■ **YOUR INSTRUCTIONS**
Write back every line of the listing exactly, excluding images.

■ **STORED DATA**
::::::

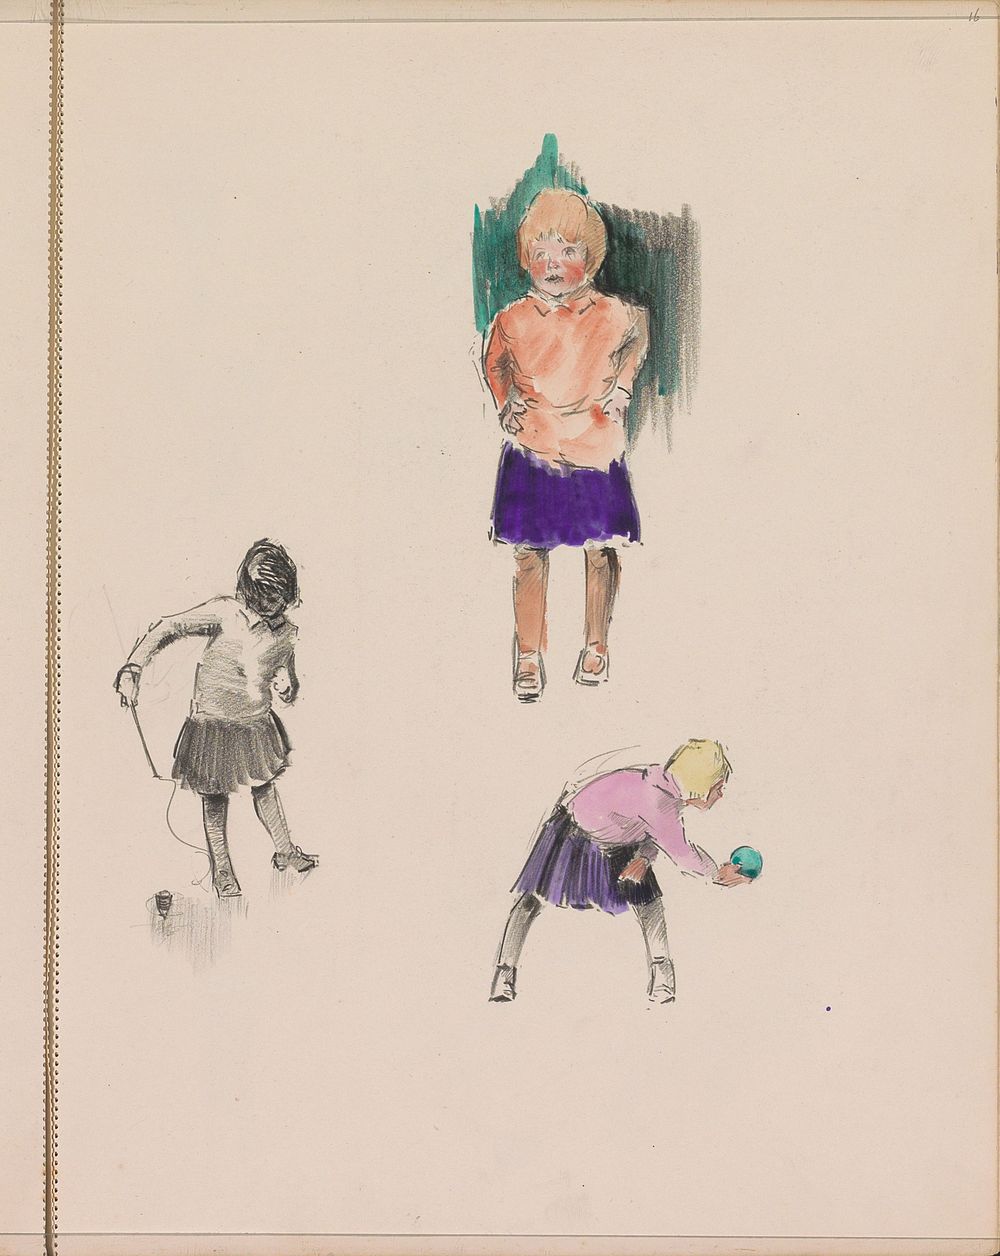 Meisjes spelend met een tol en bal (c. 1917 - c. 1919) by Otto Verhagen I
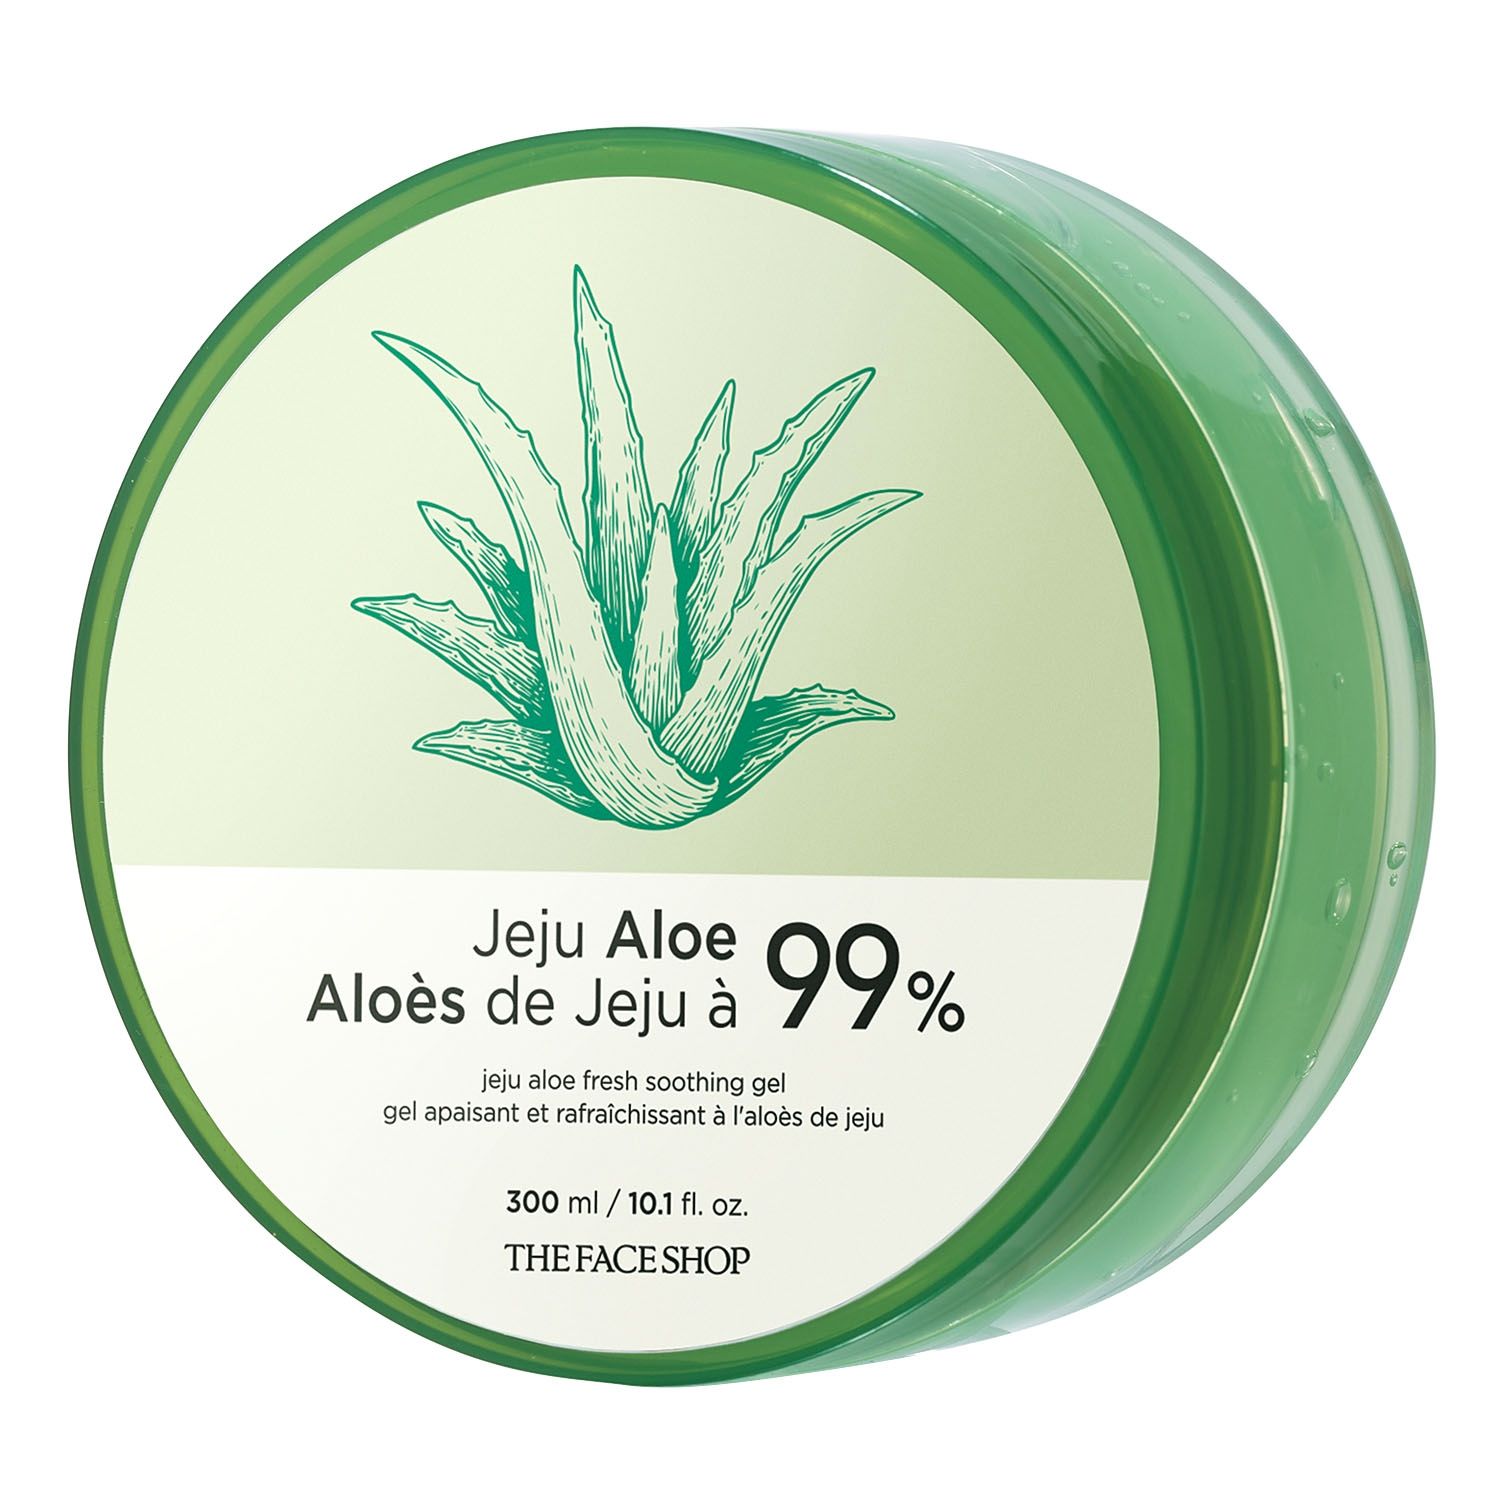 Prestatie acre diepvries Jeju Aloe 99% Fresh Soothing Gel by Avon
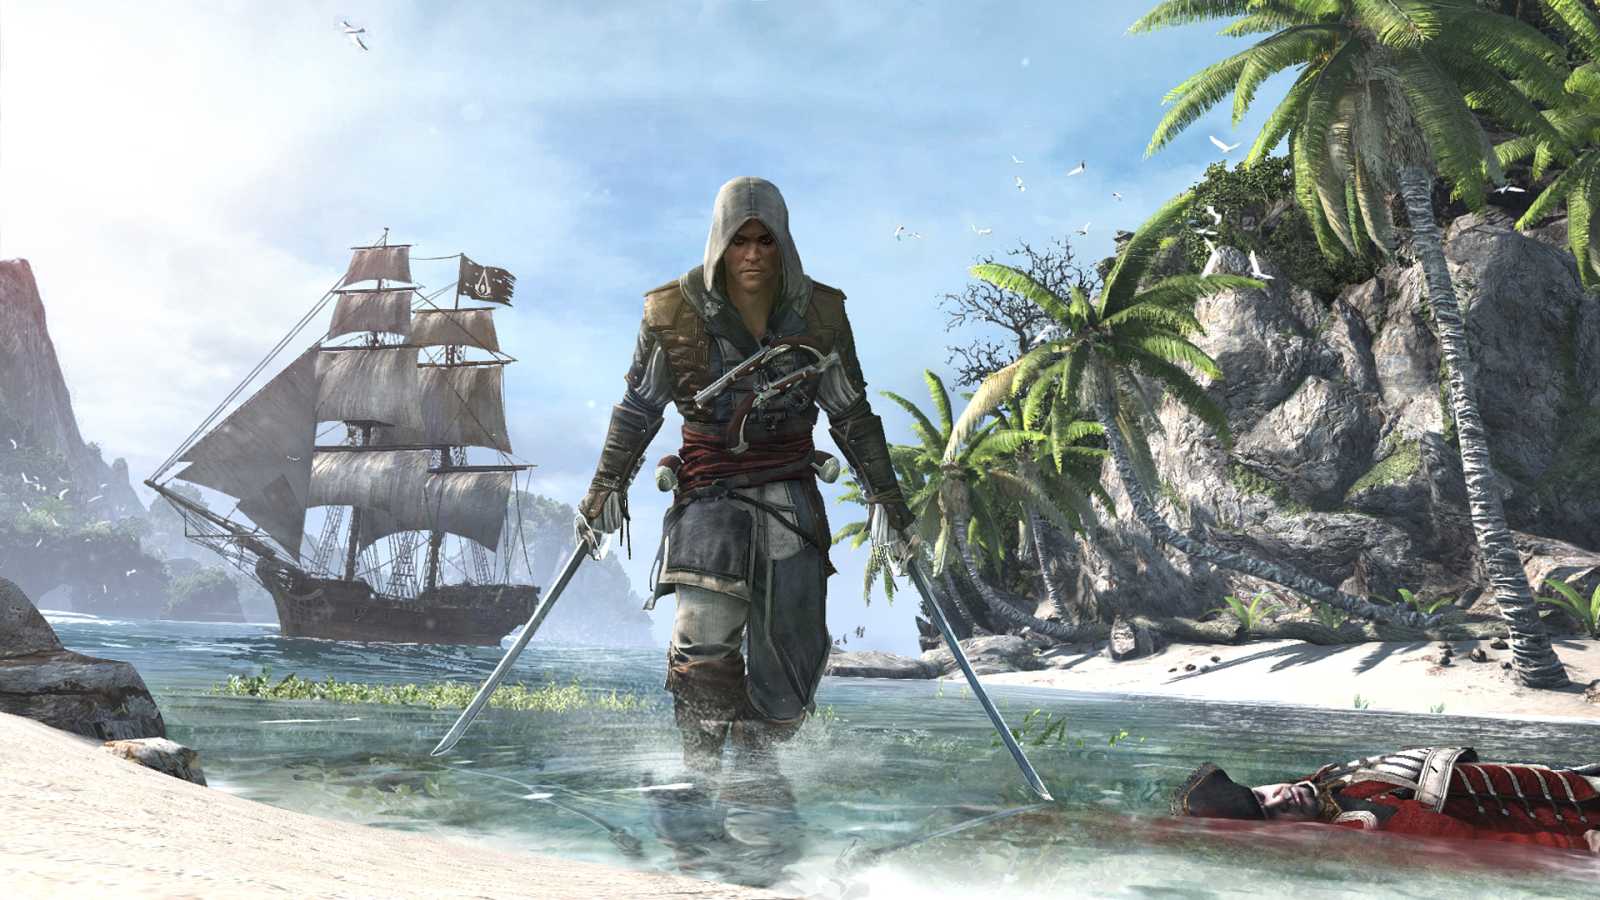 Assassin's Creed 4: Black Flag slaví 10. narozeniny. Hru si vyzkoušelo více než 34 milionů hráčů

::::::

■ **REPLY**
 Meisjes spelend met een tol en bal (c. 1917 - c. 1919) by Otto Verhagen I
 Prestatie acre diepvries Jeju Aloe 99% Fresh Soothing Gel by Avon
 Assassin's Creed 4: Black Flag slaví 10. narozeniny. Hru si vyzkoušelo více než 34 milionů hráčů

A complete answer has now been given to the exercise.